### PROVIDED DATA
* * * * * * * * *
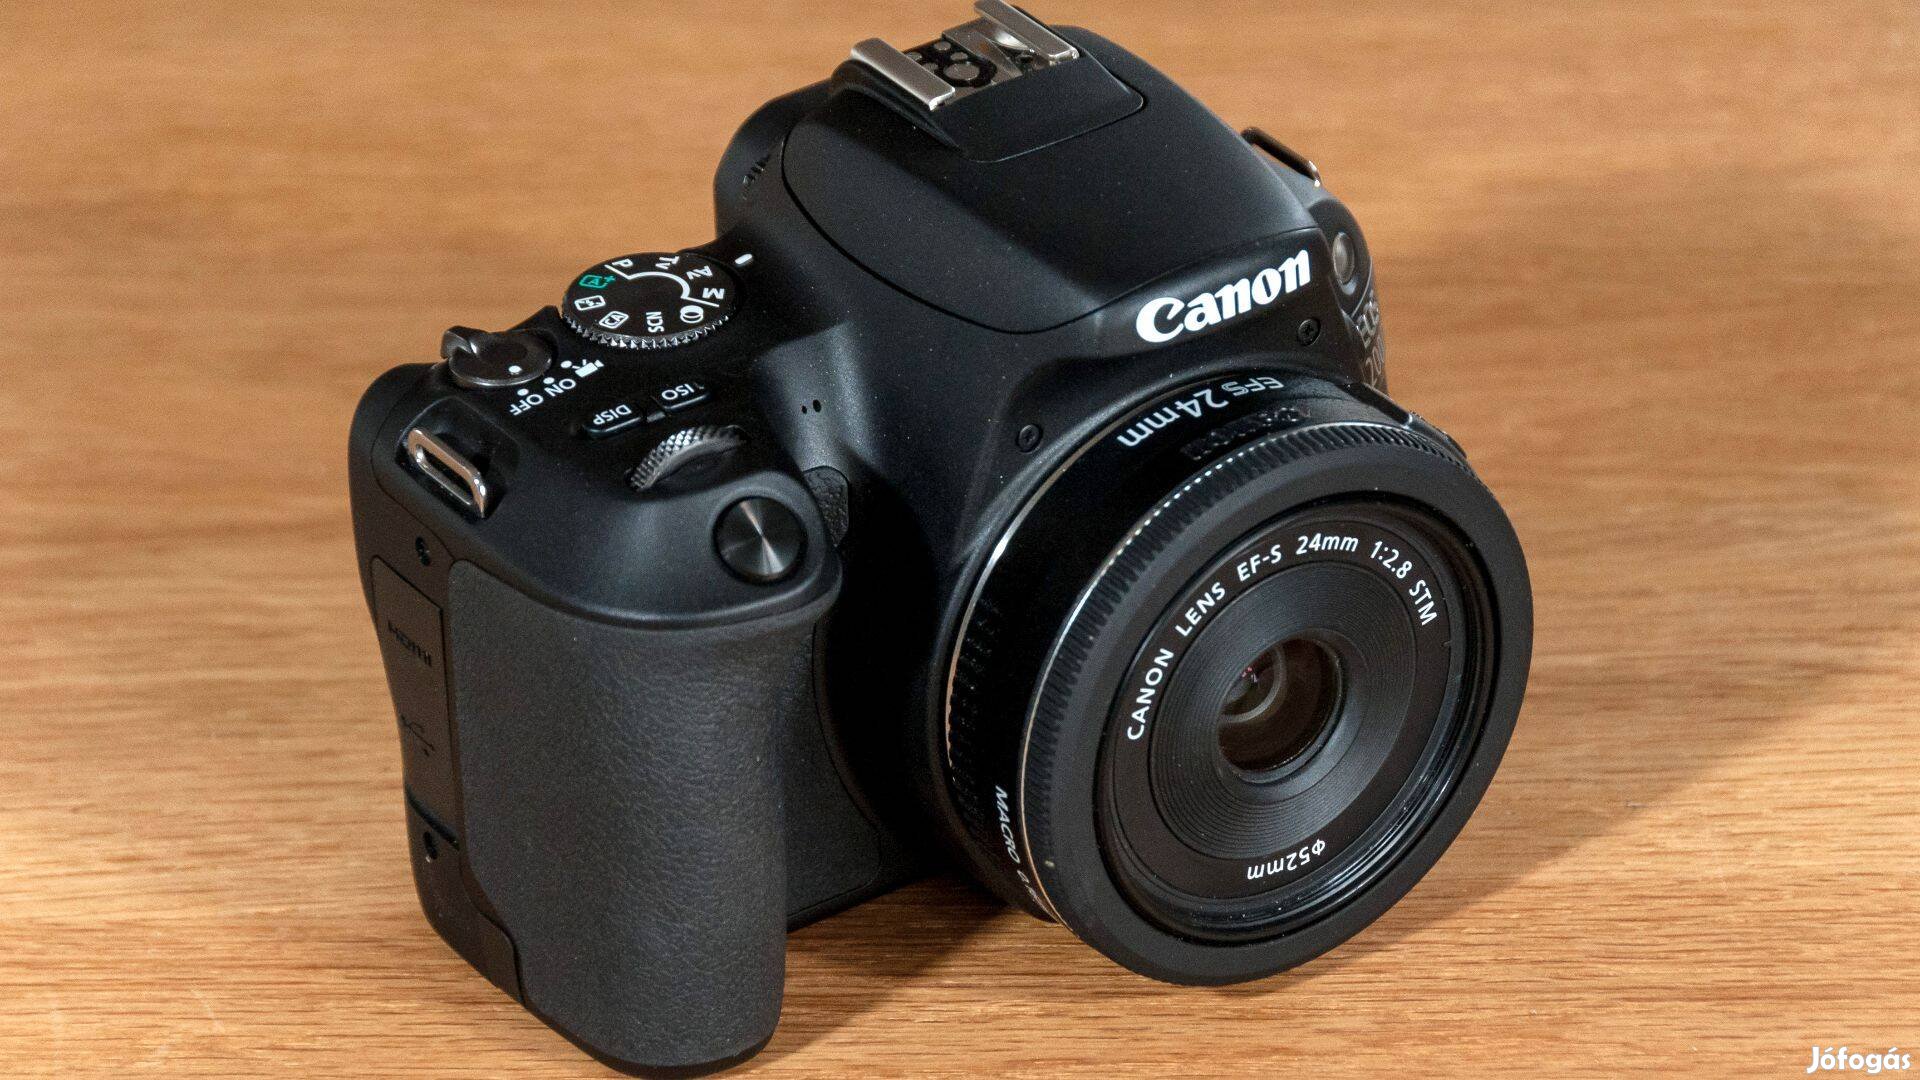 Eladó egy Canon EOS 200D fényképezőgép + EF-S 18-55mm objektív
* * * * * * * * *
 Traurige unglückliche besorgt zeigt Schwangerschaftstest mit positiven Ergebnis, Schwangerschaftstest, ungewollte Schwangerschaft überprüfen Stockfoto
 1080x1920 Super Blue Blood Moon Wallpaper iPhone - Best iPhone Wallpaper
* * * * * * * * *
Using the data above, repeat exactly the lines that begin at the line with "Traurige unglückliche besorgt" and end at the line with "1080x1920 Super Blue", both ends included.

 Traurige unglückliche besorgt zeigt Schwangerschaftstest mit positiven Ergebnis, Schwangerschaftstest, ungewollte Schwangerschaft überprüfen Stockfoto
 1080x1920 Super Blue Blood Moon Wallpaper iPhone - Best iPhone Wallpaper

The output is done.